Всё - это, конец! Хотя, на самом деле, разве ж это конец?! Вот я, действительно - Конец! У Иван-Царевича Конец. Праздник, который всегда с ним. Вытащит он меня, бывалочи, наружу, на свежий воздух, взглянет мне прямо в глаза и скажет так нежно-нежно: "Везёт же дуракам..."
А какой же он дурак? Дурак-то: это - я. Ведь у него ж почти, что в любой деревне по бабе есть. А самая главная его "лямур" - за тридевять земель, в тридесятом царстве. И зовут её не по-нашему: "Баба-Яга". А царевич, её, когда к ней в гости приезжает по-нашему "Машкой" зовёт, то есть по-ихнему: "Мэри". Да ещё и добавляет ласково: "Поппинс ты мой".
Ну, догадались, почему - я дурак несчастный. Ох, и несчастный, ох, несчастный. Поппинс-то у этой Машки, тъфу - у Яги, о-го-го! Такой поппинс... закачаешься. А ещё этот Ванька-то, царевич хренов, как гаркнет во весь лес:
"Становись, Баба-Яга, ко мне задом, а к лесу передом". Ему-то что, только орать, а работать - мне. Ну, поупираюсь я ручонками - так это ж для этой Мэри самое удовольствие. А сзади на меня царевич напирает, силища о-хо-хо, самец одним словом, да и другим тоже.
Поняли, теперь, почему я такой несчастный.
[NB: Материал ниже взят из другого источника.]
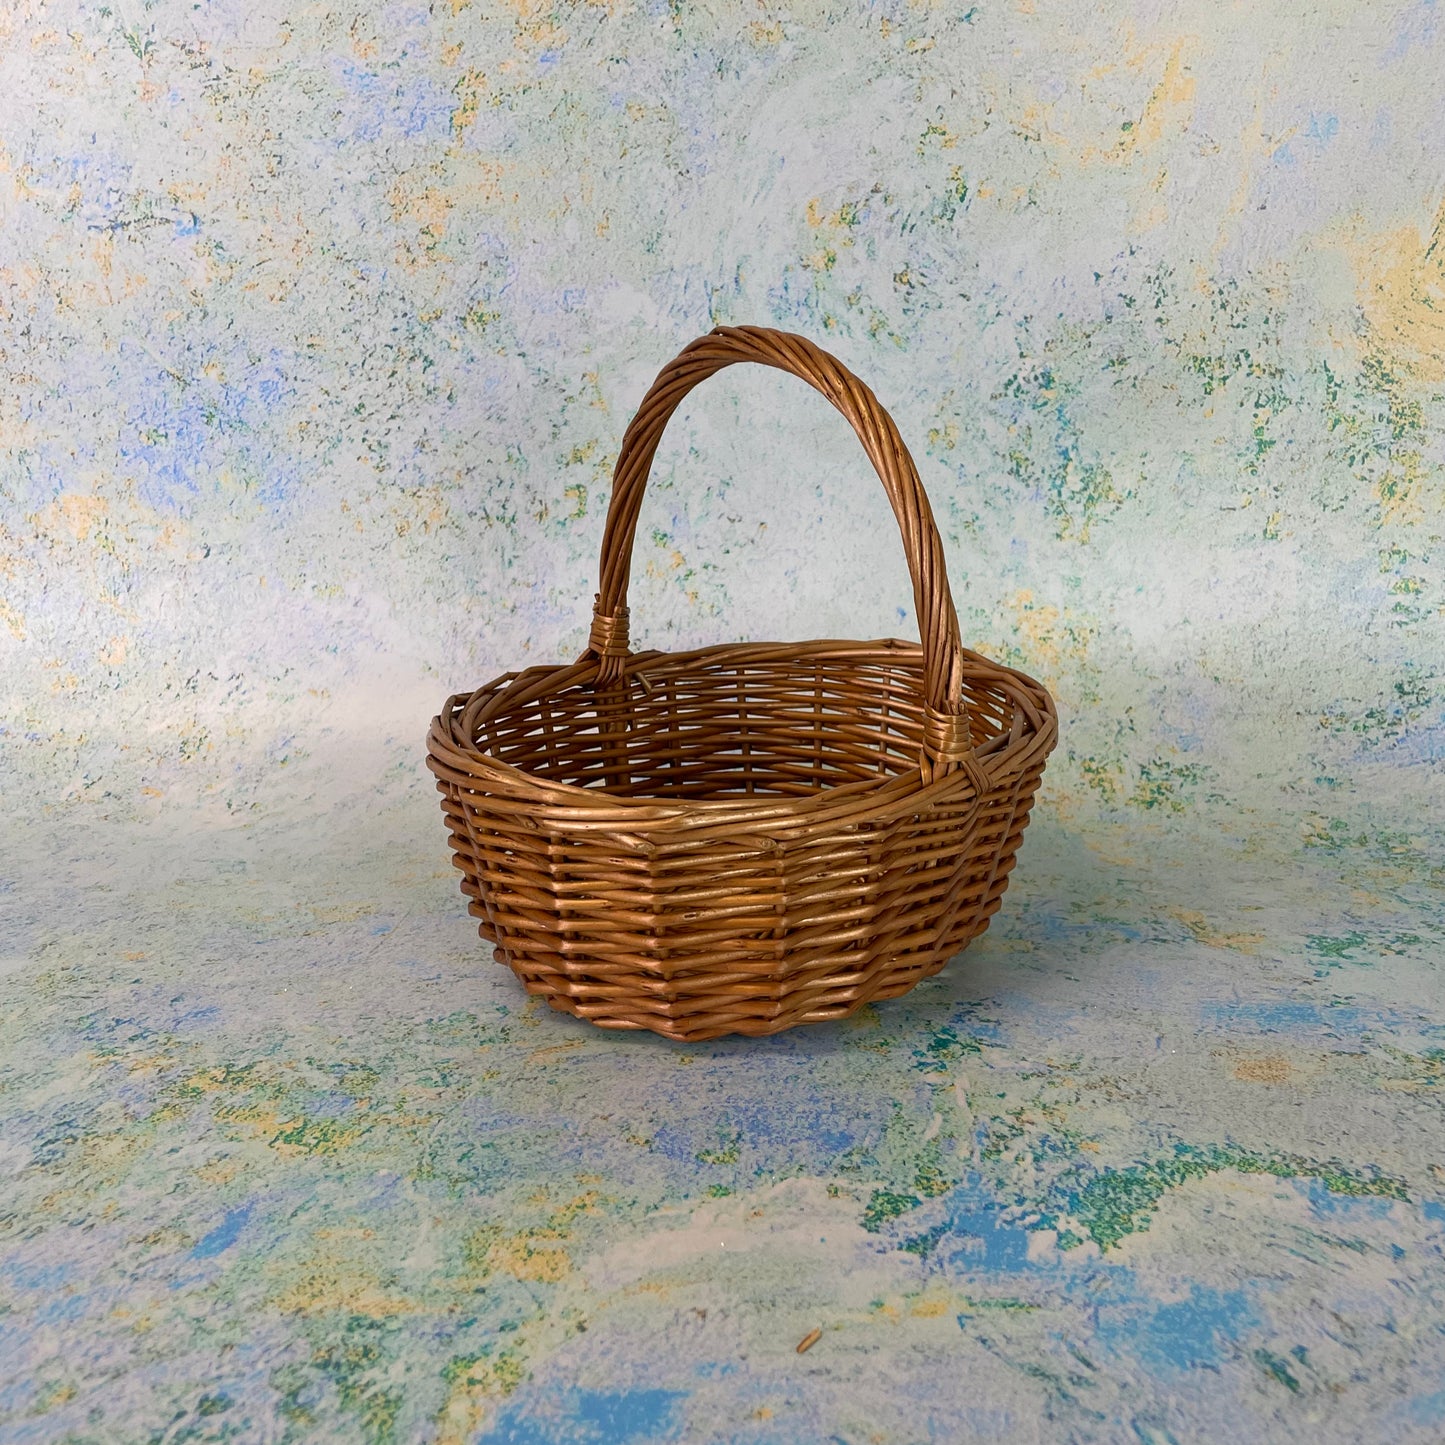 Small Easter Egg Hunt Basket - Brown Wicker

Ох, и несчастный, ох, несчастный. Ведь, потому мы и пьём, рядовые труженики лесов и постелей. За ночную смену так накувыркаешься, что потом тяпнешь стакан водки с Иван-царевичевым папенькой, да давай с ним слюни за жизнь распускать. Его ж, ведь тоже понять можно. Старенький уже, внучаток понянчить хочется.
А где ж им взяться-то? Два старших самца, тьфу, п-е-рдон, сына, работают сутками, в фермерство ударились... головками - овцы там, козы. Про младшенького я уже подробно рассказал. А жизнь-то не бесконечна. Вот и поставил однажды отец жёсткое условие о женитьбе: "Возьмите, сынки,
по стреле, выходите в чисто поле и стреляйте. Куда стрелы упадут, там и судьба ваша".
Но, строго говоря, царь-то был не только старенький, но и довольно странненький. До таких лет дожил - а всё в сказки верит... Ведь до ближайшего же жилья о-го-го. Коттедж ему, по его же приказанию, в глухомани отгрохали. Кругом одни леса, да болота. Вот все стрелы-то к лягушкам и попали.
Старшенькие, что фермеры, рады. Им в удовольствие сменить, так сказать, ориентацию с коз на лягушек. Похихикивают только - нам, говорят, всё равно - лишь бы шевелилось немного и не орало при этом на всю округу. Да и царевич мой тоже почти смирился со своей участью. Начал уж и меня настраивать. Глянь, мол, какие ляжки, сказка прямо. Но я, поверьте, не могу - совсем, ведь, противно мне. Ну, раз - "не могу", ну, два - "не могу". Смотрю, царевич неудовольствие начал высказывать. Совсем уж, гад, стал покушаться против моего исторического предназначения. Ни хрена себе, думаю, сказочка. Из полымя, так сказать, в пламя, а точнее - из одного полымя в другое.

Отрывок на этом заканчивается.